米国の違反切符を無視して帰国(2)_1131

 さて、前回から考えてきた「以前学生としてアメリカに住んでいたころから、法律ノートを購読しています。現在は日本で仕事をしていますが、最近転職を考えていて、またアメリカに行きたいと考えています。しかし、アメリカにいるときに受け取ったスピード違反切符をずっと無視して放置した状態で日本に帰国してしまいました。このような場合ビザ取得に影響するのでしょうか。また違反切符についてどのように今から対応できるものでしょうか。」という質問を今回続けて考えていきましょう。

違反切符が事件化しているかを確認

 前回は、今回質問されている方のように、違反切符を放置してしまい、状況がわからないとしても、まず、覚えがあるのであれば、その違反切符や犯罪について、現状を確認する必要があるということを考えました。かりに、違反切符に関する記録が見つかった場合について、今回具体的な対応案について考えていきましょう。

 まず、今回質問されている方のように、本人が日本にいる場合には、違反切符が切られたと思われるアメリカの地域で弁護士を探すことが必要になると思います。法廷代理人がいれば、一応裁判所に出廷して、話をすることが可能です。刑事関係の事件は本人出廷が原則ですが、場合によっては、将来本人出廷をするということで、代理人のみによる出廷も可能になるかもしれません。
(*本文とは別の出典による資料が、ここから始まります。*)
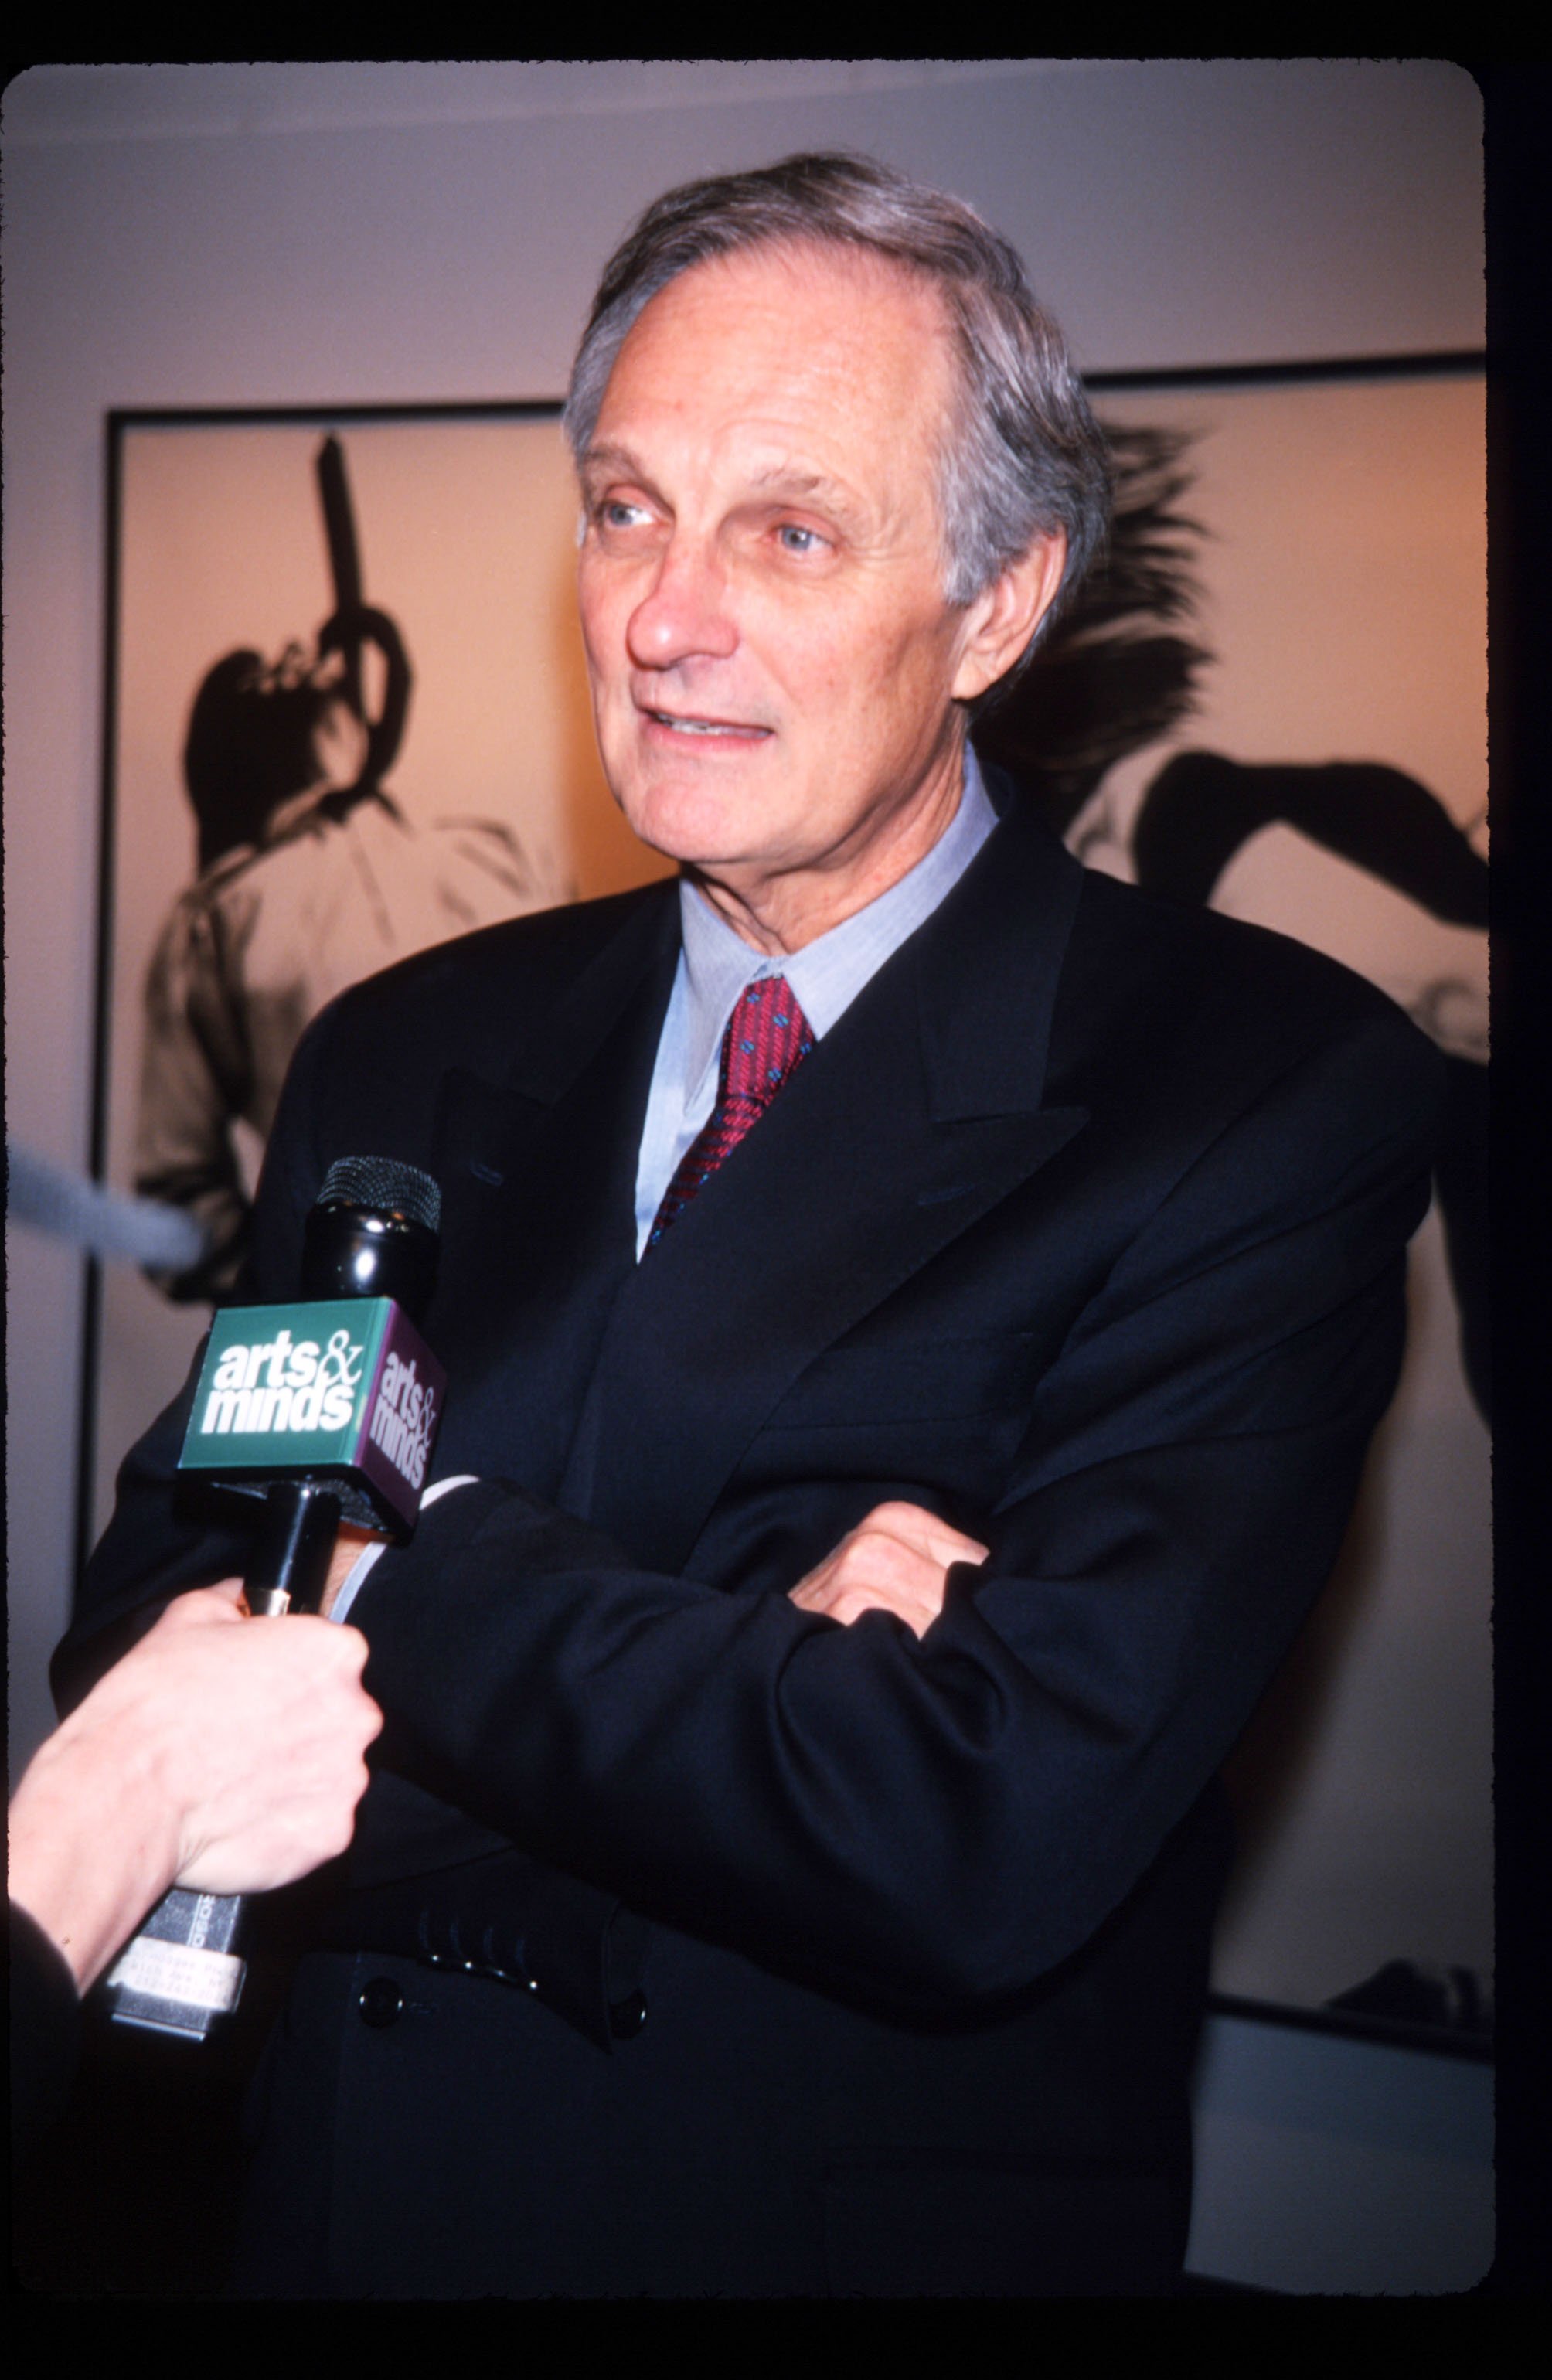 Alan Alda attends the premiere of

 とにかく、まず違反切符が不出頭で事件化しているかどうかを代理人に確かめてもらえば良いと思います。管轄の場所にもよりますが、確かめた時点で、反則金を支払えば済むようであれば、支払ってしまえばそのあとのトラブルが少ないと思います。

不出頭で事件化している場合

 かりに不出頭で事件化している場合には、まず、裁判所から不出頭という事実に対して召喚状が出ています。この召喚状は各機関に登録され、警察官に職務質問されて記録を確認される場合、またアメリカ入国のときに記録にある場合、その時点で拘束され公判に強制的に出廷させられます。
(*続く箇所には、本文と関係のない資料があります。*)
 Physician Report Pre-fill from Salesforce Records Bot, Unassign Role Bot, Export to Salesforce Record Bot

 召喚状がある場合には、代理人を選任し、出廷したうえで召喚状を失効させてもらわなければなりません。その後、どのような刑事事件になっているのか、単なる交通事件なのかどうかにもよりますが、裁判所の指示にしたがって事件処理をする必要があります。

 単なる飲酒運転や交通違反程度であれば、本人が出廷しなくても、代理人が事件を進行させ、判決まで至ることができます。しかし、通常の刑事事件では本人出廷が基本となります。そうすると、召喚状が失効した状態で、本人が出廷する必要がでてきます。まだ、この時点では、有罪にはなっていませんし、事件は進行している状況ですから、推定無罪ということになります。
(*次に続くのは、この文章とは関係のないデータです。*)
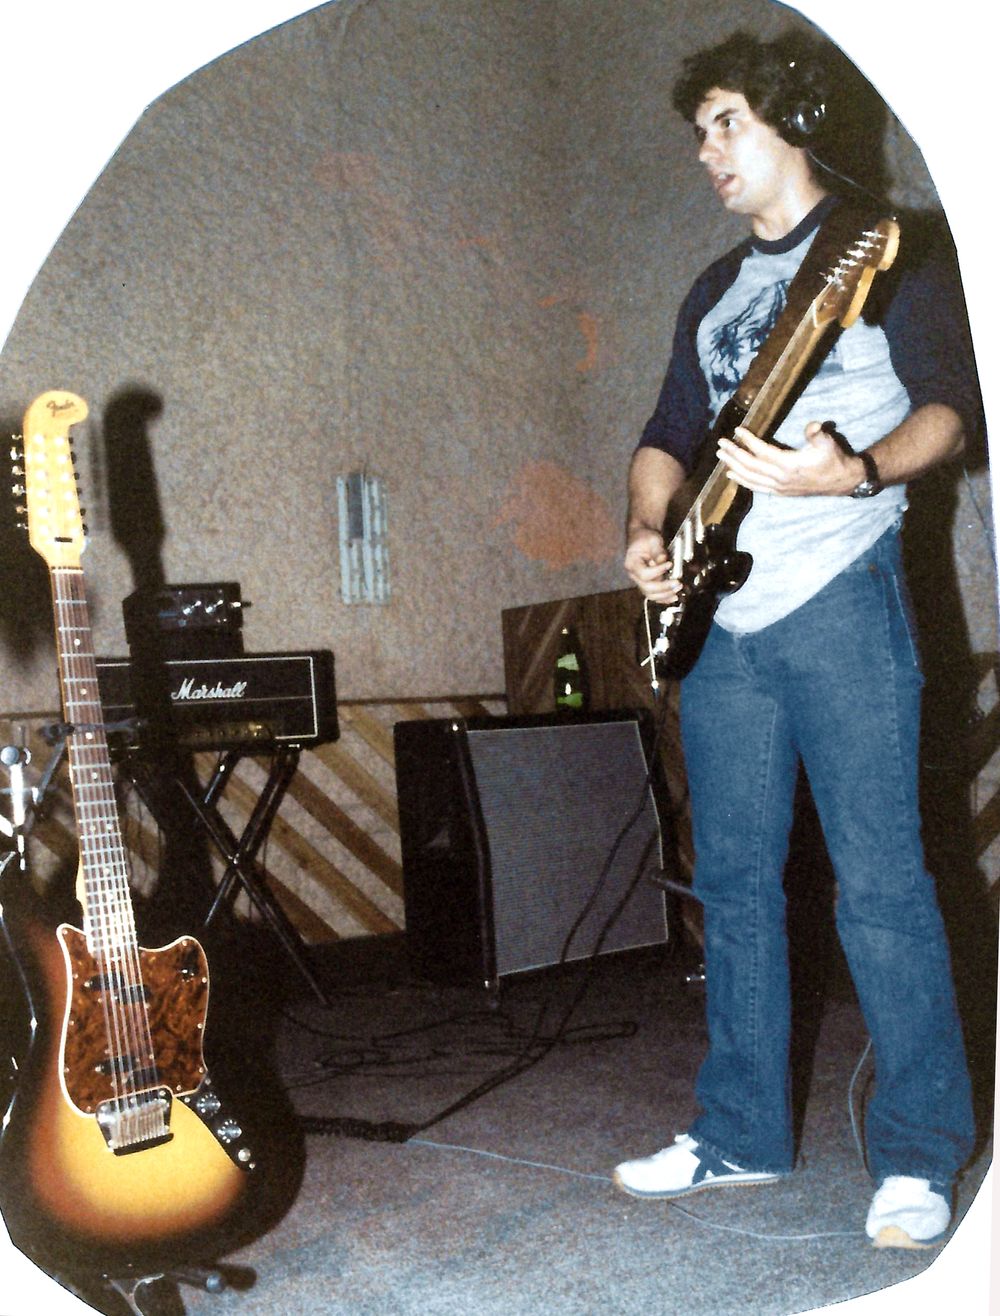 Danny Kristensen about 30 seconds from recording his classic lead on the outro of "Terminally Hip", November 1981

 罰金刑で済みそうな事件であれば、召喚状が失効したことを確認してから、ビザやESTAなどを申請して、出廷処理をするのが良かろうと思います。罰金刑で済みそうにない、深刻な事件の場合には、最初から弁護士と相談して、どのように事件対応するのかを確認しておかないと、召喚状が失効したあとに本人出廷が可能かどうかも含めて、ややこしいことになるかもしれません。

慎重な対応で次に繋げることは可能

 今回質問にある交通違反切符は召喚状の処理さえしてしまえば、通常は法定刑が罰金のみです。そうすると、Infraction(微罪などと訳される)といって、3段階ある米国の罪の分け方で一番軽微なものに該当し、入国禁止とは一般的にならないと思います。まずは、然るべき処理をしてから、ビザの申請をされれば、一般的にですが、問題はない事例ではないかと思いますよ。

 現米政権は、かなり強硬な移民政策を推し進めていますから、ちょっとしたことでもナーバスになられるのはもっともだと思います。今回のような状況については、楽観的に考え、違反切符を無視をするのではなく、慎重に対応すれば、次に繋げることは十分にできると思います。

 スーパーではハロウィン風の食材やお菓子が多くなってきましたね。この時期になってくると夜は温かいものが食べたくなるものです。体を温めて、風邪に注意しながらまた一週間がんばっていきましょうね。